İki yıl önce yani 17 Haziran 2019'da Şehid Muhammed Mursi, arzuladığı şehadet şerbetini içerek rabbine yürüdü.

Şehadetin, mübarek makamın ali olsun Ey Şehid.

Biliyor ve inanıyoruz ki sen ölmedin ve aramızdasın. Firavuni düzene karşı mücadelenin enerjisi oldun. Kararlılığınla yöneticilere örnek, dik duruşunla davetçilere ilham kaynağı olmaya devam ediyorsun.

Dünya zindanından ölümsüzlüğe doğru yola çıktın. Orada seni bekleyen El Benna’lara, Kutup’lara, Udeh’lere selam söyle. Ve onlara de ki, “Ey bu topraklara tohum eken ve kanlarıyla sulayan azizler; sizin ektiğiniz tohumların meyvesi size gönderdiğimiz yüzlerce şehidlerdir. Ben de onun meyvesi ve şahidiyim.”

Şehadetin dünya Müslümanları için büyük bir kayıp oldu. Çünkü gözbebeğimiz Kudüs bir muhafızını, Ümmet ise bir ağabeyini kaybetti. Şehadetine çok üzülsek de, “Bu dava çok büyüktür. En iyilerimizi feda etmeliyiz” anlayışı bize teselli veriyor.

Senin katilin sadece Firavun Sisi ve avenesi değil, aynı zamanda büyük şeytan ABD, İslam Coğrafyasındaki fitnelerin mimarı İngiltere, Siyonist israil, onların maşası Suud ve daha nice Firavunlardır.

Ey Şehid Muhammed Mursi!

Sana Musa (as)’nın varisi, Yusuf (as)’un kader ortağı ve Mısır Yusufilerinin ağabeyi diyorlardı. Evet, sen izzetli mücadelenle, vakur duruşunla, bunu ispatlamıştın. Şehadetin ise kıyamet gününde bunun doğruluğuna şahit olacaktır.

Siz de iyi biliyorsunuz ki mezhepçilik ve nesepçilik fitnesi ümmeti yüzlerce parçaya bölmüş. Kardeşlik saflarımızın arasında şeytanlar cirit atıyor. Belki bunun en büyük bedelini de siz ödediniz. Rabbim mazlumca şehadetinizi bu fitne ateşinin sönmesine vesile kılsın.
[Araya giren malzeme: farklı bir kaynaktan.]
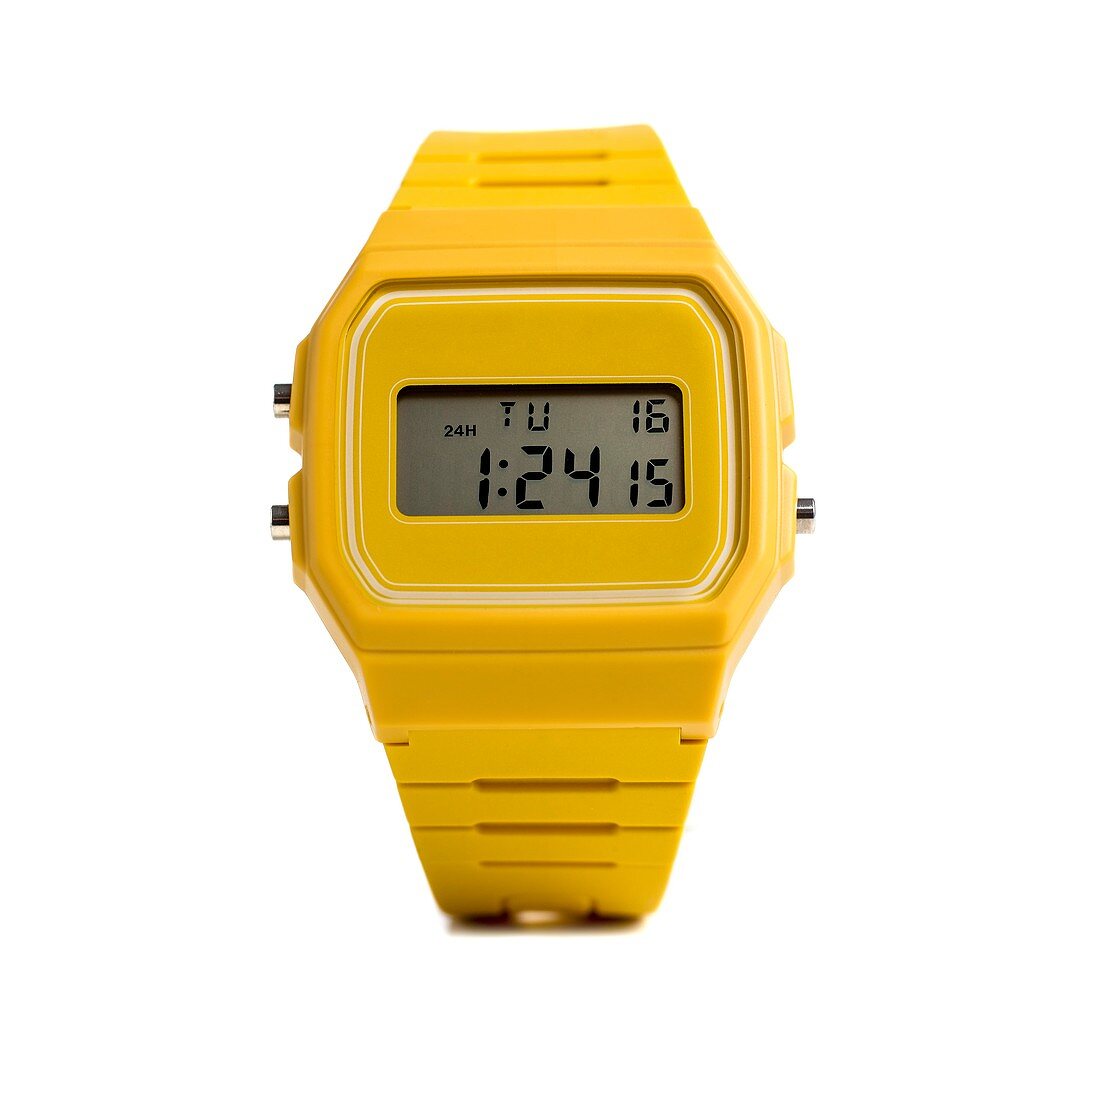 Digital wristwatch
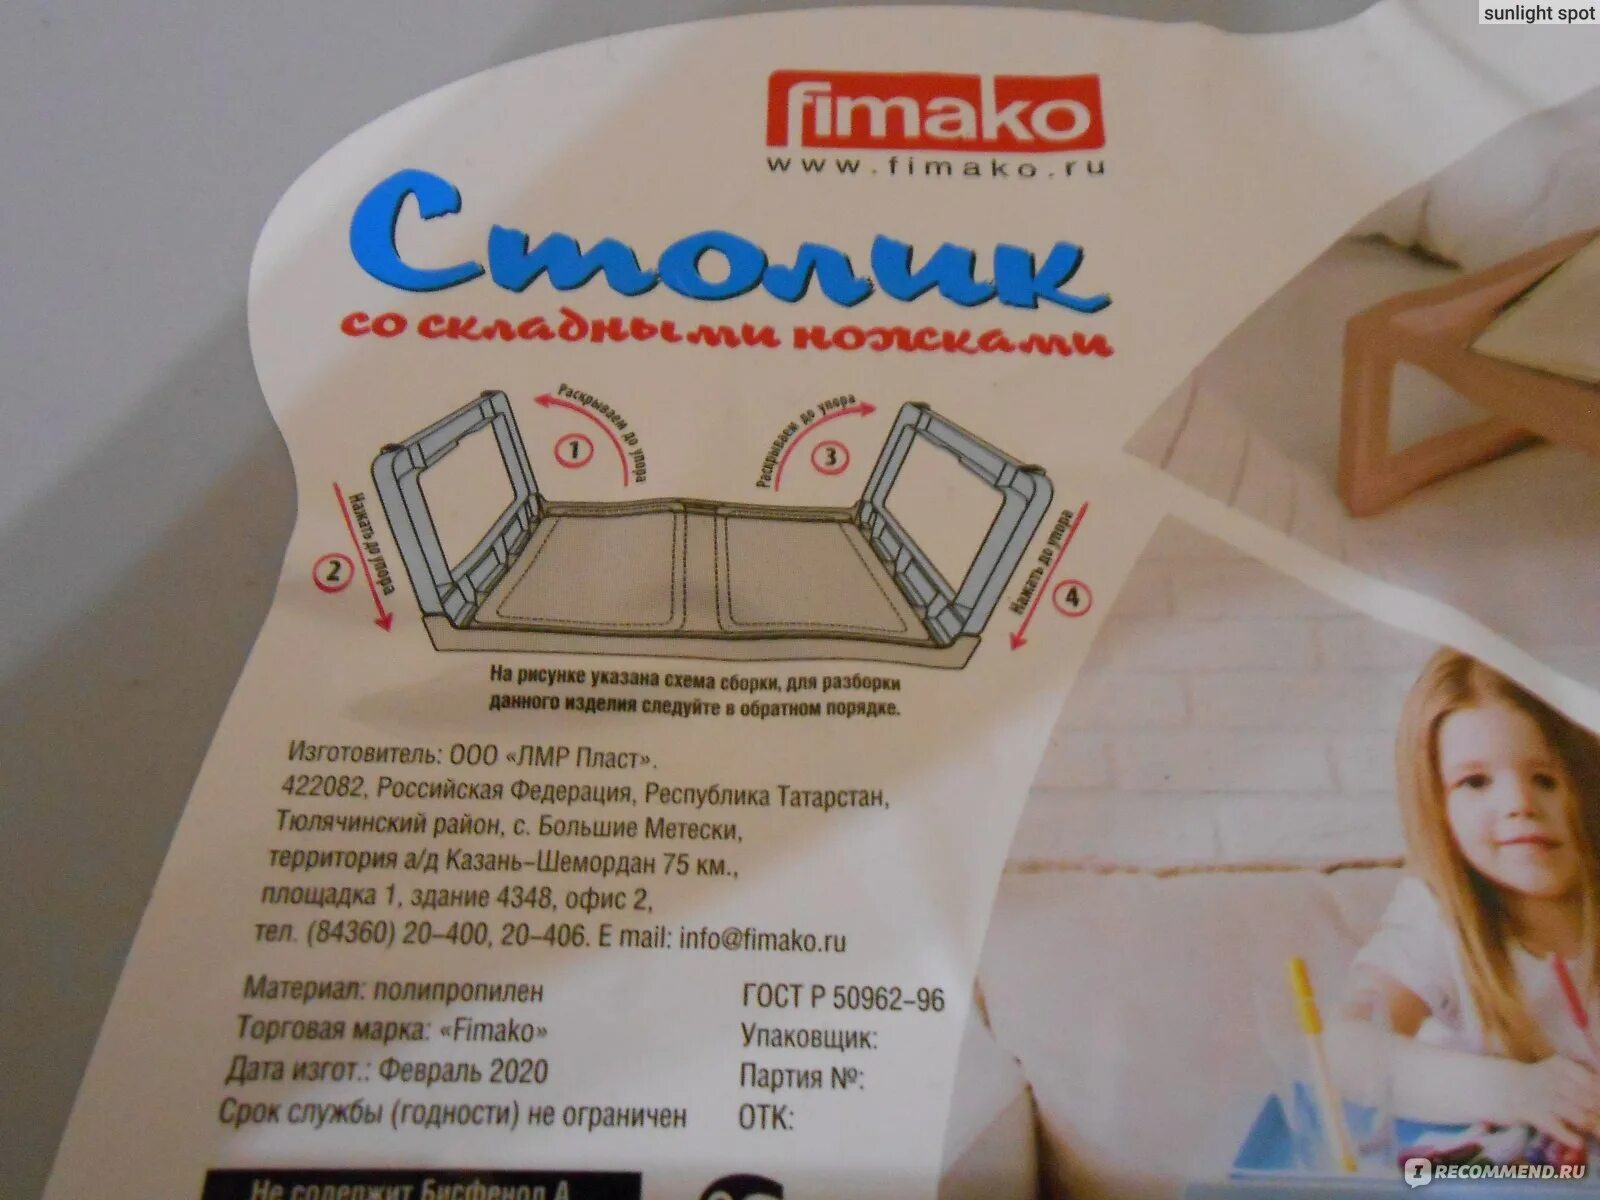 Цену на диван снижали два раза. Столик FIMAKO со складными ножками. Столик подставка FIMAKO. Столик подставка универсальный FIMAKO. Столик подставка FIMAKO светофор.

Mücadelenizi, azminizi, kararlılığınızı sizin cümlelerinizle anlatmaya çalışacağım. Demiştiniz ya, “Çocuklarımız bizler için ‘onlar adamdı’ diyecekler.” Evet, şahidiz ki sadece çocuklarınız değil vicdan sahibi tüm insanlar sizler için “onlar adamdı” diyorlar.

Demiştiniz ya, “Bizi toprağa gömdüler, fakat tohum olduğumuzu bilmiyorlardı.” Sizin bu cümlenizi emperyalizmin maşası Sisiler anlayamazlar. İnanıyoruz ki, bu tohumların meyvesi Musa'lar (as) olacak ve Kızıldeniz’i onlara mezar edecektir.

Demiştiniz ya, “Düşmanlarım bana ne yapabilirler ki, ben cenneti yüreğimde taşıyorum. Öldürülmem şehadettir.” Şahidiz ki Firavunlardan korkmadın, İslam’ın izzetini muhafaza ettin. Cennete ve şehadete âşıktın. Allah da aşığı maşukuna kavuşturdu. Mübarek olsun.

Demiştiniz ya, “Hücreme Kur’an-ı Kerim’in girmesini yasakladılar ama onu otuz yıl önce ezberlediğimi unuttular ve ona dokunabilmeyi çok isterdim…” Evet, Kur’an-ı Kerim’i yüreğinde ve hafızanda taşıyordun. Son nefesine kadar da onun hükümlerini hayatında tatbik ettiğine şahitlik ediyoruz. Kur’an hamili idin, onun şehidi de oldun.

Firavun Sisi ve avenesi seni Mısır’da unutturmak istediler. Şehadetinle artık sadece Mısır’da değil tüm ümmetin kalbindesiniz.

Selam sizlere Musa (as)’nın varisleri.

Selam sizlere Yusuf (as)’un kader arkadaşları.

Selam sizlere Ey hayatlarını imanlarına şahit kılan şehitler.